Yakov Grigoryevich Zhilinsky (; 27 March 1853 – 1918) was a Russian cavalry general, chief of staff of the Imperial Russian Army from 2 February 1911	to 4 March 1914. He was considered to be one of the main culprits of the failure of the East Prussian Campaign in the early stages of the First World War.

Biography
Zhilinsky was born on March 15, 1853, in Mikhaylov in the Ryazan Governorate. His family were nobility from the Smolensk Governorate, and he was born to Colonel Grigori I. Zhilinsky and Catherine Petrovna (née Muromtseva). In an early age, he attended the Gymnasium Creiman in Moscow.

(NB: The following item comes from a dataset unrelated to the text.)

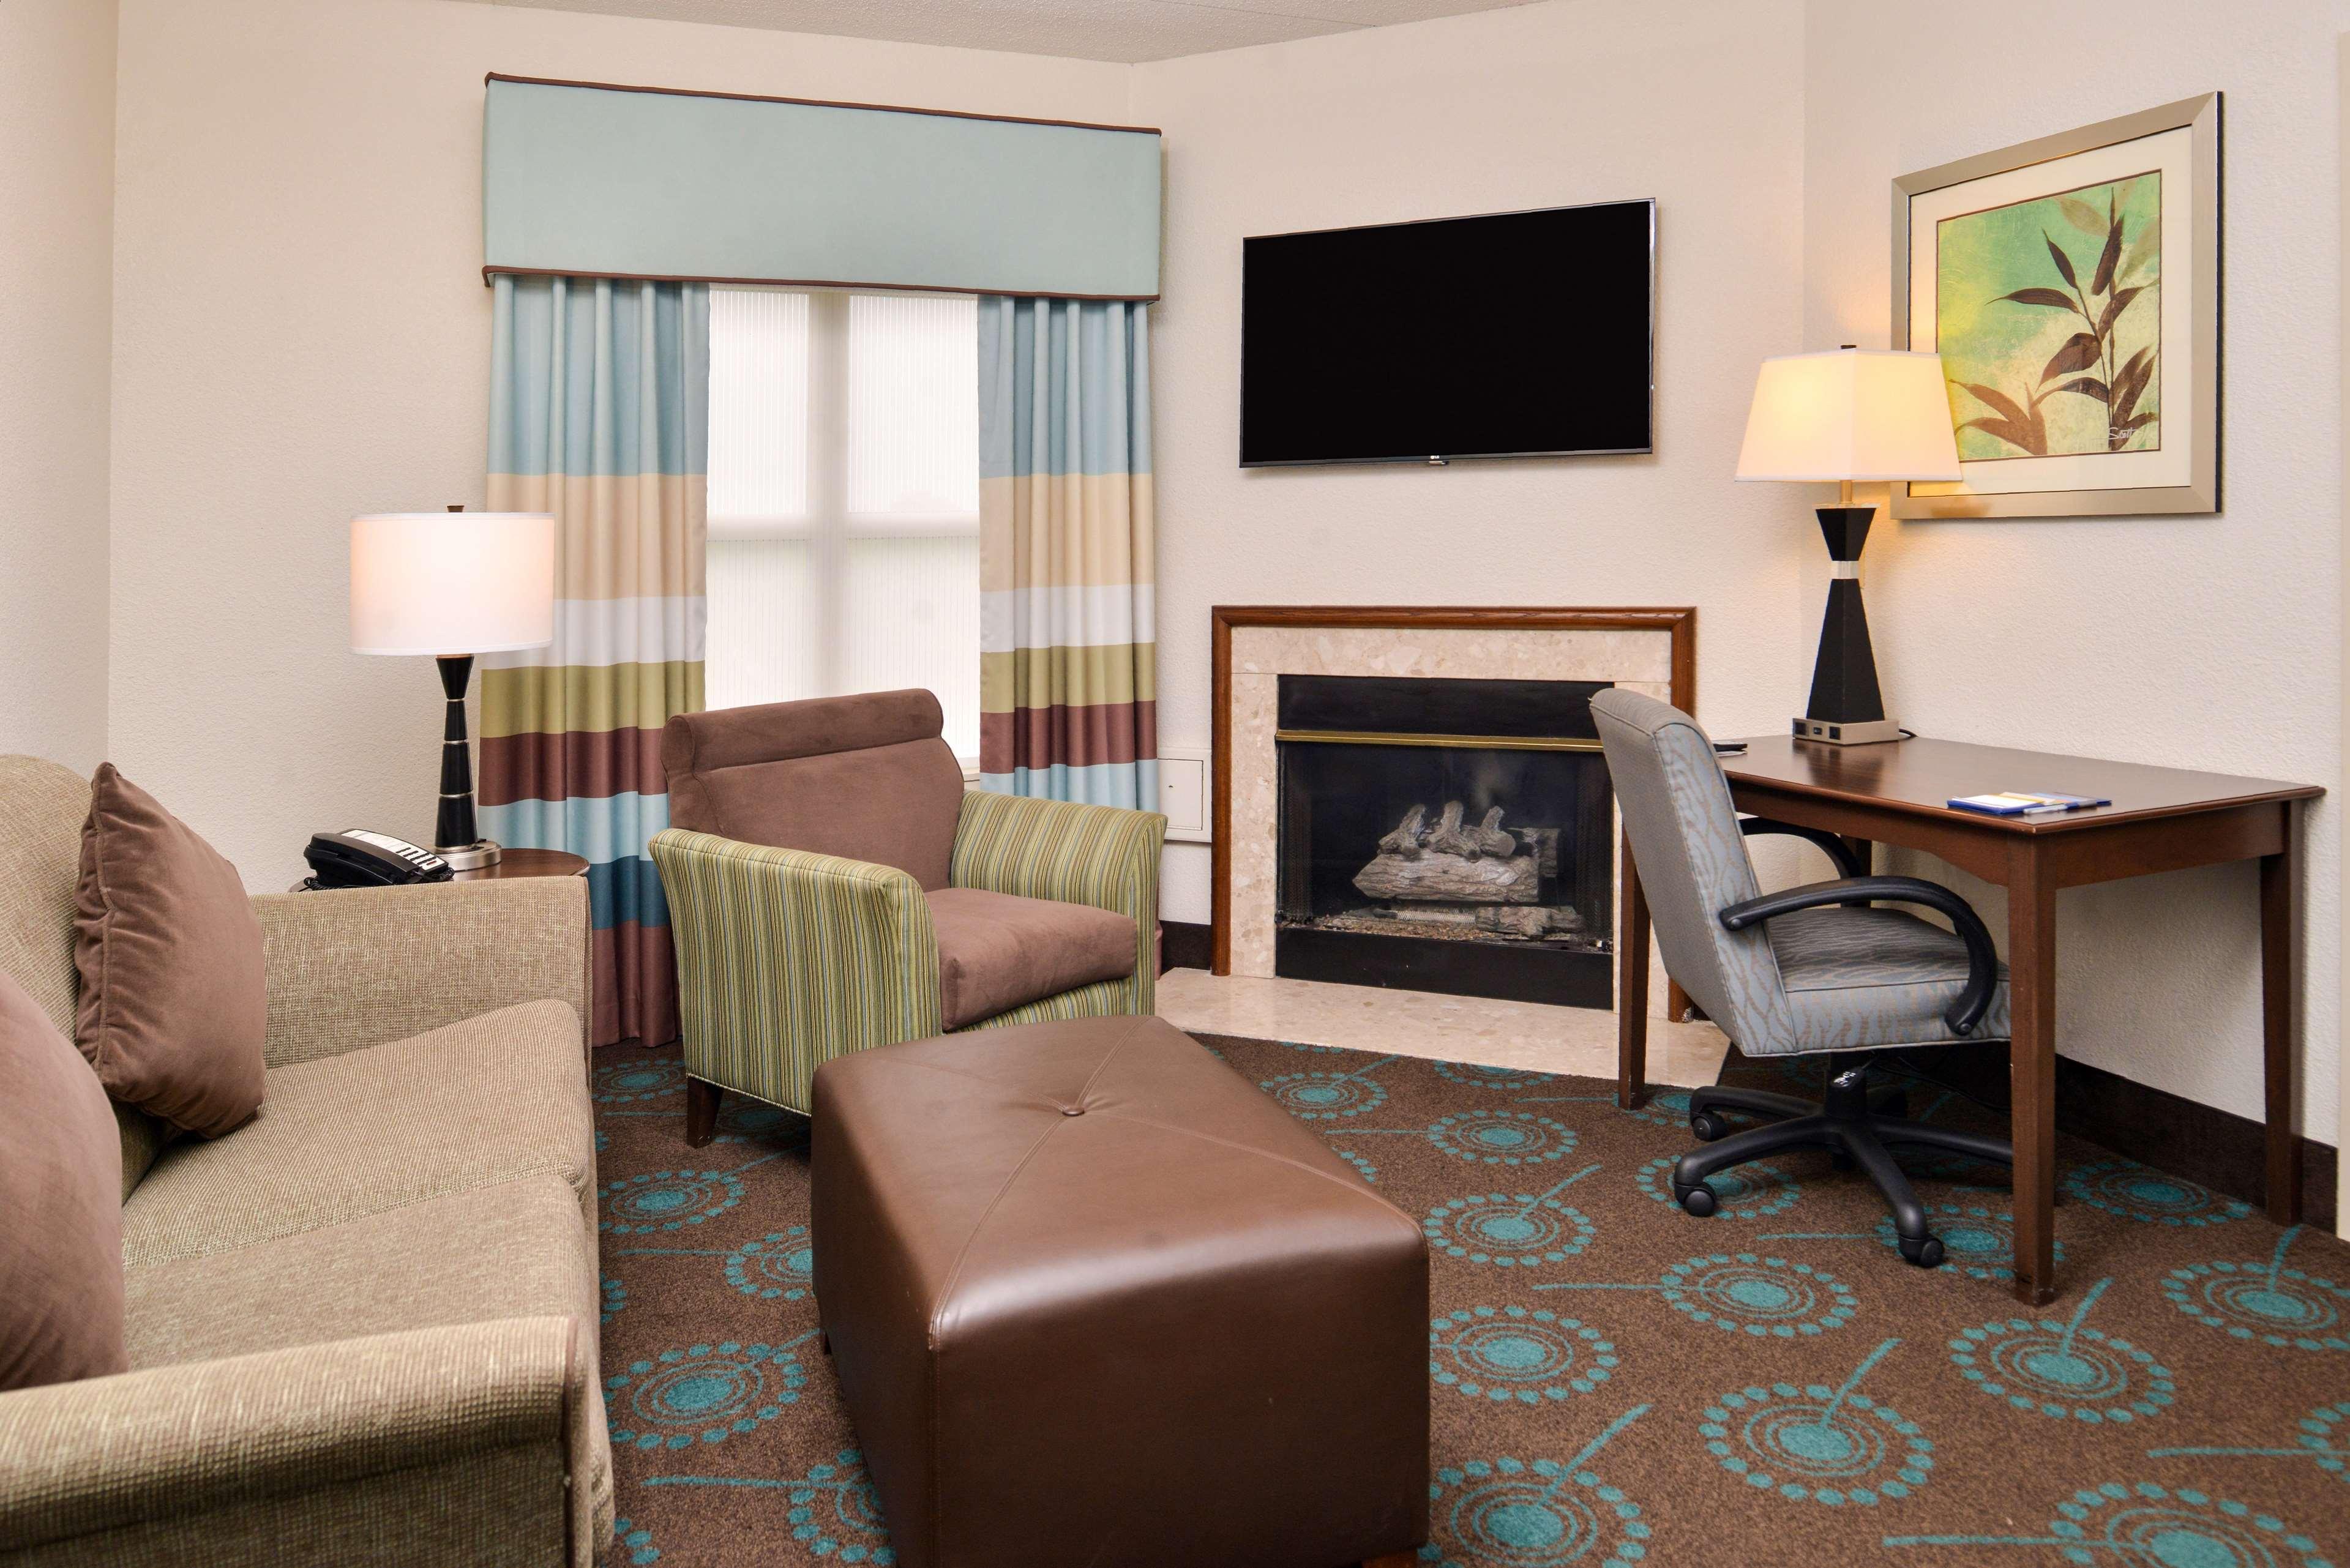 Hampton Inn & Suites Newport News (Oyster Point) image 21

He joined active service as a cadet in the Sumy Hussar Regiment. In 1876, he graduated from the   in St. Petersburg and was assigned to the Horse Guards Regiment of the Imperial Guard as a cornet. He was considered one of the best riders in the school and was in charge of training the regiment. 

In 1883, he graduated from Nikolaev Academy of the General Staff at the first category. For excellent success, he was promoted to captain. After serving as a senior aide to the staff of the 1st Grenadier Division, he served from 14 February 1894 on the Military Scientific Committee of the General Staff, a military intelligence organization responsible for the study of foreign countries.

During the Spanish–American War Zhilinsky was a Russian military observer with the Spanish Army in Cuba. On his return, he published a book on the war, which analyzed the causes of Spain's defeat. 

In 1899, Zhilinskiy served as a member of Russian delegation at the Hague Peace Conference. He was appointed commander of the 52nd Dragoons Regiment from August 1899. In 1900, he was promoted to the rank of major general and was appointed Quartermaster general.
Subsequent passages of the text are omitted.